Surgical Treatment

Osseous Surgery in New York City

Osseous surgery, sometimes referred to as pocket reduction surgery or gingivectomy, refers to a number of different surgeries aimed at gaining access to the tooth roots to remove tartar and disease-causing bacteria.

Goals of Osseous Surgery

Osseous surgery is used to reshape deformities and remove pockets in the alveolar bone surrounding the teeth. It is a common necessity in effective treatment of more advanced periodontal diseases. The ultimate goal of osseous surgery is to reduce or eliminate the periodontal pockets that cause periodontal disease. Despite the word “surgery” the procedure is reported to feel more like a thorough cleaning. The specific goals of surgery include:

  • Reducing Bacterial Spread:
    Bacteria from the mouth can spread throughout the body and cause other life-threatening conditions such as heart disease and respiratory disease. Removing deep tartar and thereby bacteria can help reduce the risk of bacteria spreading.
  • Preventing Bone Loss:
    The immune system’s inflammatory response prompted by periodontal bacteria can lead to bone loss in the jaw region, and cause teeth to fall out. Osseous surgery seeks to stop periodontal disease before it progresses to this level.
  • Enhancing the Smile:
    Mouths plagued with periodontal disease are often unsightly. Brown gums, rotting teeth, and ridge indentations can leave a person feeling depressed and too self-conscious to smile. Fortunately, osseous surgery can help reduce bacteria and disease and thereby restore your mouth to its former radiance, while restoring confidence at the same time.
  • Facilitating Home Care:
    As the gum pocket deepens, it can become nearly impossible to brush and floss adequately. Osseous surgery reduces pocket size, making it easier to brush and floss, and thereby prevent further periodontal disease.

What does the procedure entail?

A local anesthetic will be used to numb the area prior to surgery. First, Dr. Scott H. Froum will cut around each tooth of the affected area to release the gum tissue from the bone. This allows access to the bone and roots of the teeth. After the roots have been thoroughly cleaned through scaling, a drill and hand tools will be used to reshape the bone around the teeth.

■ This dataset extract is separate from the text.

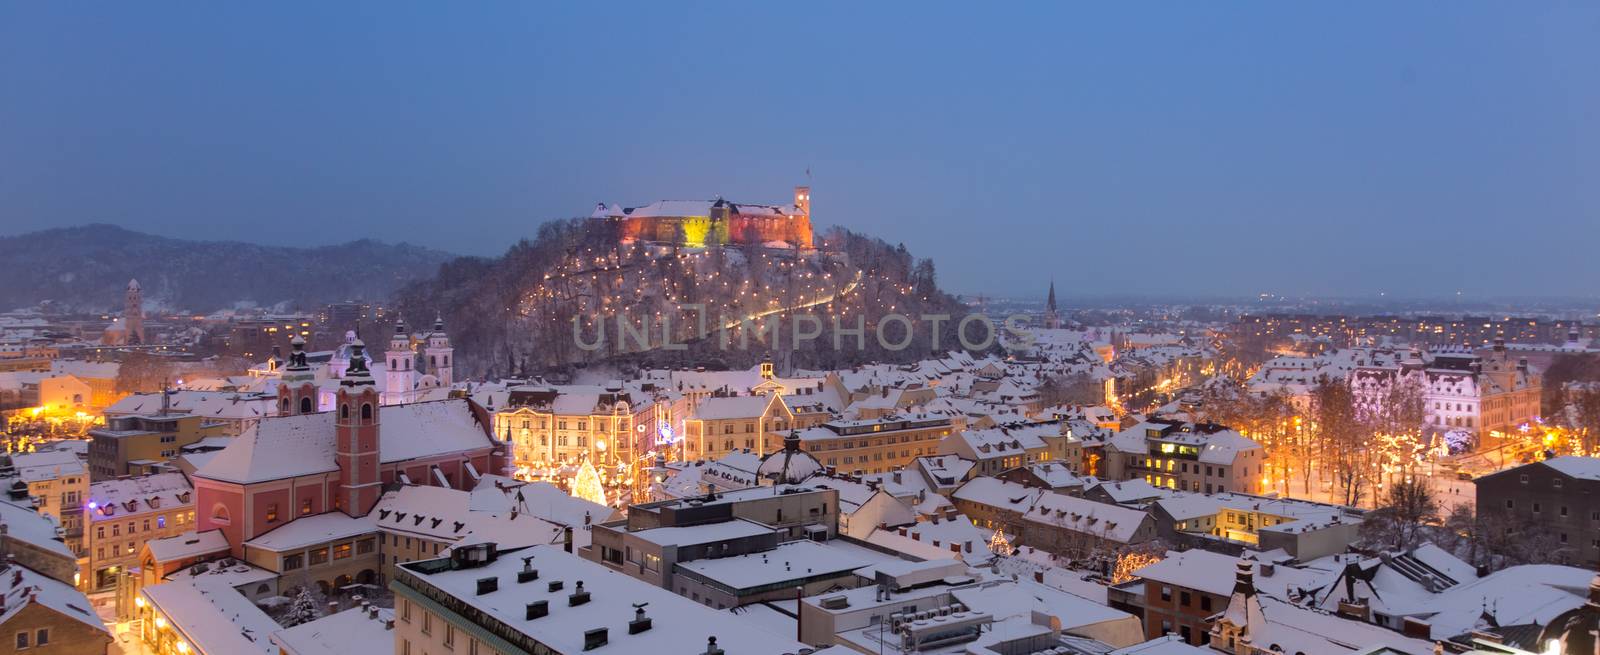 Aerial panoramic view of Ljubljana decorated for Christmas holidays. Roofs covered in snow in winter time. Slovenia, Europe.

Bone is removed in some areas to restore the normal rise and fall of the bone, but at a lower level. Bone grafting may also be necessary to fill in large defects.

Next, the gums will be placed back over the remaining bone and suture them in place. The site will also be covered with a bandage (periodontal pack) or dressing. Pain medicine and mouth rinses containing chlorhexidine are generally prescribed following the surgery.

Do not be alarmed if bleeding and swelling occur after the surgery. This can be controlled easily by placing an ice pack on the outside of the affected area. In cases where the bleeding and swelling is in excess, it is advised that you call to notify our office. Several follow up visits may be necessary and you must fulfill a meticulous maintenance program especially during the initial phases of healing to avoid post-operative infection.

Bone Grafting

Major & Minor Bone Grafting

Over a period of time, the jawbone associated with missing teeth atrophies or is reabsorbed. This often leaves a condition in which there is poor quality and quantity of bone suitable for placement of dental implants. In these situations, most patients are not candidates for placement of dental implants.

Today, we have the ability to grow bone where needed. This not only gives us the opportunity to place implants of proper length and width, it also gives us a chance to restore functionality and aesthetic appearance.

Major Bone Grafting

Bone grafting can repair implant sites with inadequate bone structure due to previous extractions, gum disease or injuries. The bone is either obtained from a tissue bank or your own bone is taken from the jaw, hip or tibia (below the knee). Sinus bone grafts are also performed to replace bone in the posterior upper jaw. In addition, special membranes may be utilized that dissolve under the gum and protect the bone graft and encourage bone regeneration. This is called guided bone regeneration or guided tissue regeneration.

Major bone grafts are typically performed to repair defects of the jaws. These defects may arise as a result of traumatic injuries, tumor surgery, or congenital defects. Large defects are repaired using the patient’s own bone. This bone is harvested from a number of different sites depending on the size of the defect. The skull (cranium), hip (iliac crest), and lateral knee (tibia), are common donor sites. These procedures are routinely performed in an operating room and require a hospital stay.